SUTRA: Structured-Unstructured-Text-Retrieval-Architecture - AI-powered data analysis with custom visualizations, fuzzy matching, and smart caching
Project description
QuerySUTRA
SUTRA: Structured-Unstructured-Text-Retrieval-Architecture
Professional Python library for AI-powered data analysis with automatic entity extraction, natural language querying, and intelligent caching.
Installation
pip install QuerySUTRA
# Optional features
pip install QuerySUTRA[embeddings] # Smart caching
pip install QuerySUTRA[mysql] # MySQL support
pip install QuerySUTRA[postgres] # PostgreSQL support
pip install QuerySUTRA[all] # All features
Key Features
1. Automatic Multi-Table Creation
Upload PDFs, Word documents, or text files and automatically extract structured entities.
from sutra import SUTRA
sutra = SUTRA(api_key="your-openai-key")
sutra.upload("employee_data.pdf")
# Automatically creates:
# - employee_data_people (20 rows, 6 columns)
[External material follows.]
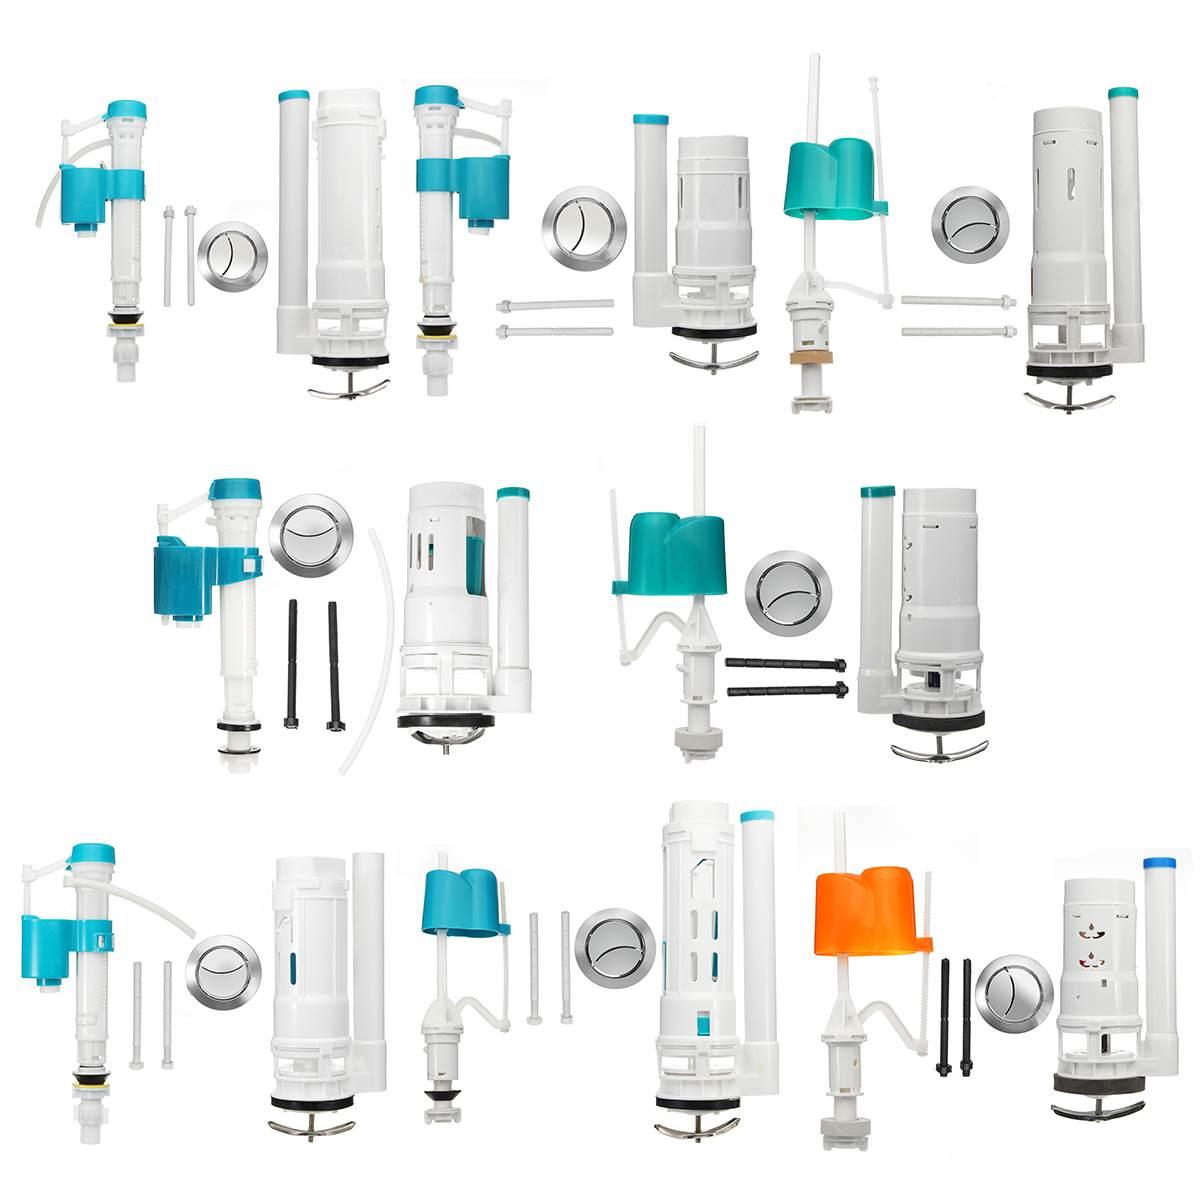 Válvula de botón de inodoro juego doble sifón cisterna sifón entrada inferior para cisterna Reparación de inodoro baño herramienta de tocador 8 tipos

# - employee_data_contacts (20 rows, 4 columns)
# - employee_data_events (15 rows, 4 columns)
2. Natural Language Querying
result = sutra.ask("Show me all people from New York")
print(result.data)
# With visualization
result = sutra.ask("Show sales by region", viz="pie")
3. Load Existing Databases
# Load SQLite database
sutra = SUTRA.load_from_db("sutra.db", api_key="your-key")
# Connect to MySQL
sutra = SUTRA.connect_mysql("localhost", "root", "password", "database")
# Connect to PostgreSQL
sutra = SUTRA.connect_postgres("localhost", "postgres", "password", "database")
4. Custom Visualizations
result = sutra.ask("Sales by region", viz="pie") # Pie chart
result = sutra.ask("Trends", viz="line") # Line chart
result = sutra.ask("Compare", viz="bar") # Bar chart
result = sutra.ask("Correlation", viz="scatter") # Scatter plot
result = sutra.ask("Data", viz="table") # Table view
result = sutra.ask("Analysis", viz="heatmap") # Heatmap
result = sutra.ask("Auto", viz=True) # Auto-detect
5. Smart Fuzzy Matching
sutra = SUTRA(api_key="your-key", fuzzy_match=True)
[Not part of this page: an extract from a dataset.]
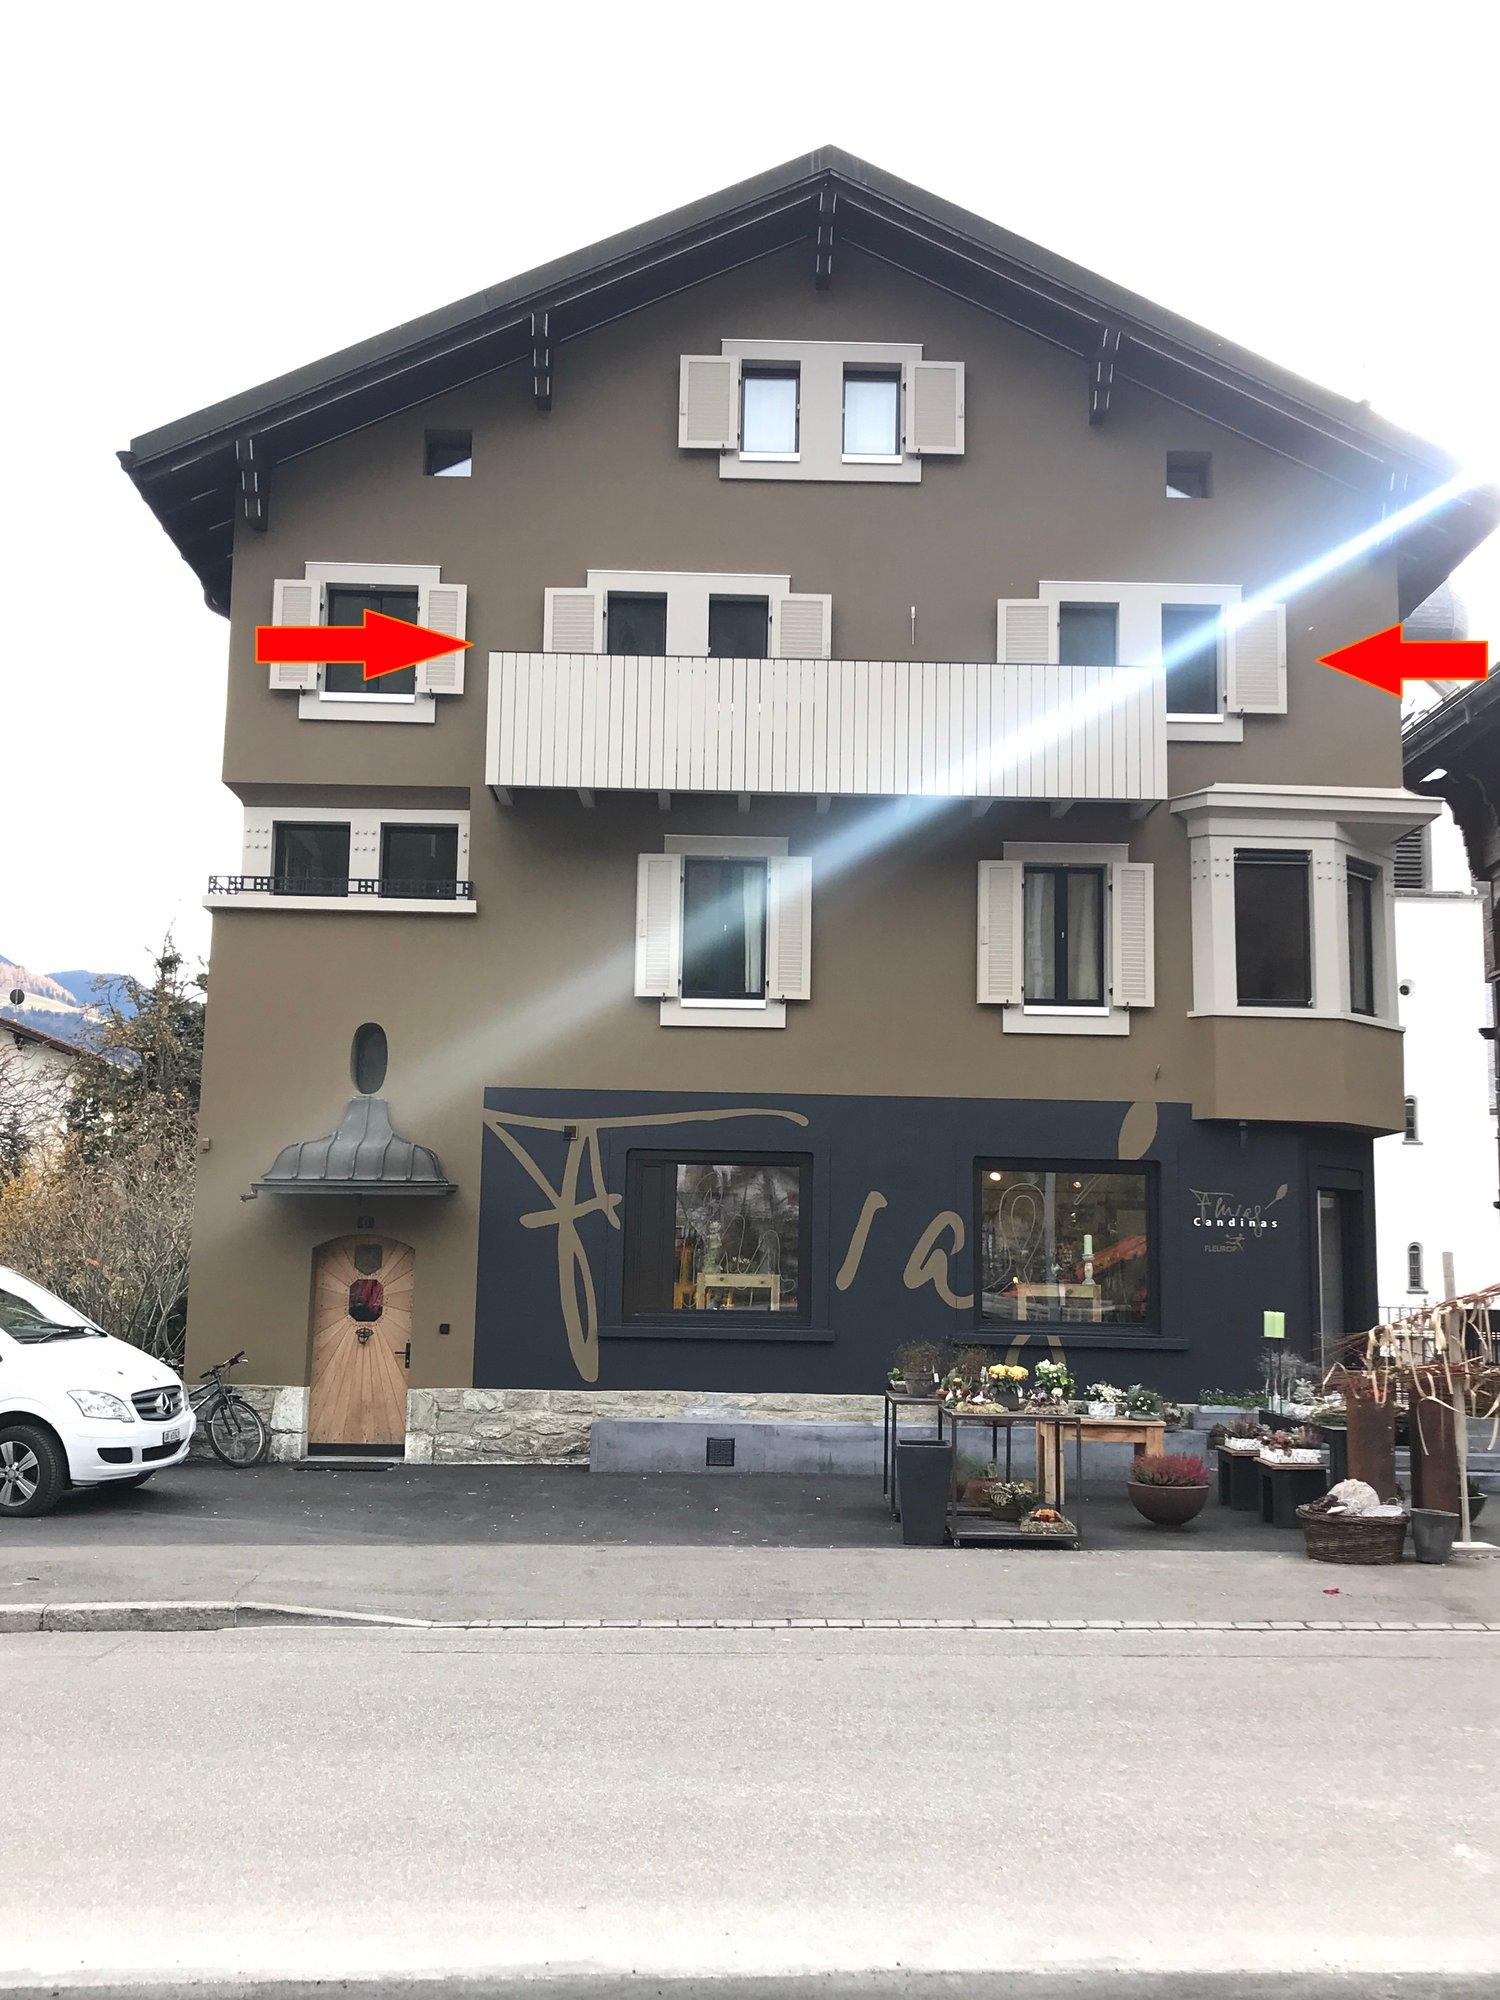 Bahnhofstrasse 6

# "New York City" matches "New York" automatically
result = sutra.ask("Who are from New York City?")
6. Intelligent Caching with Embeddings
sutra = SUTRA(api_key="your-key", use_embeddings=True)
result = sutra.ask("Show sales") # Calls API
result = sutra.ask("Display sales data") # Uses cache (no API call)
7. Irrelevant Query Detection
sutra = SUTRA(api_key="your-key", check_relevance=True)
result = sutra.ask("What is the weather?")
# Warns: "This question seems irrelevant to your database"
8. Direct SQL Access (Free)
result = sutra.sql("SELECT * FROM people WHERE city='New York'")
print(result.data)
Complete Configuration
sutra = SUTRA(
api_key="your-openai-key",
db="database.db", # SQLite path
use_embeddings=True, # Smart caching (saves API calls)
check_relevance=True, # Detect irrelevant queries
fuzzy_match=True, # Better NLP
cache_queries=True # Simple caching
)
Supported Formats
CSV, Excel, JSON, SQL, PDF, Word, Text, Pandas DataFrame
Usage Examples
Basic Workflow
sutra = SUTRA(api_key="your-key")
sutra.upload("data.pdf")
sutra.tables() # View tables
sutra.schema() # View schema
sutra.peek("table_name", n=10) # Preview data
result = sutra.ask("Your question?")
Database Export
sutra.export_db("backup.db", format="sqlite")
sutra.export_db("schema.sql", format="sql")
sutra.save_to_mysql("localhost", "root", "pass", "db")
sutra.save_to_postgres("localhost", "postgres", "pass", "db")
sutra.backup("./backups")
How It Works
Entity Extraction Example
Input PDF:
John Doe lives at 123 Main St, Dallas. Email: john@company.com.
Sarah Smith lives at 456 Oak Ave, Boston. Email: sarah@company.com.
Output Tables:
people
| id | name | address | city | |
|---|---|---|---|---|
| 1 | John Doe | 123 Main St | Dallas | john@company.com |
| 2 | Sarah Smith | 456 Oak Ave | Boston | sarah@company.com |
Embeddings for Smart Caching
Uses all-MiniLM-L6-v2 model (80MB, runs locally):
- Query 1: "Show sales" → API call
- Query 2: "Display sales" → 92% similar → Cached (no API call)
Fuzzy Matching
- Query: "New York City"
- Database: ["New York", "Dallas", "Boston"]
- Match: "New York City" → "New York" (85% similar)
API Reference
Class Methods
SUTRA.load_from_db(db_path, api_key, **kwargs) - Load existing SQLite database
SUTRA.connect_mysql(host, user, password, database, ...) - Connect to MySQL
SUTRA.connect_postgres(host, user, password, database, ...) - Connect to PostgreSQL
Instance Methods
upload(data, name=None) - Upload data
ask(question, viz=False, table=None) - Natural language query
sql(query, viz=False) - Raw SQL query
tables() - List all tables
schema(table=None) - Show schema
peek(table=None, n=5) - Preview data
export_db(path, format) - Export database
save_to_mysql(...) - Export to MySQL
save_to_postgres(...) - Export to PostgreSQL
backup(path=None) - Create backup
close() - Close connection
Performance Tips
- Use
load_from_db()to avoid re-uploading - Use
sql()for complex queries (no API cost) - Enable
use_embeddings=Truefor caching - Enable
cache_queries=Truefor exact matches
Troubleshooting
No API key error: sutra = SUTRA(api_key="sk-...")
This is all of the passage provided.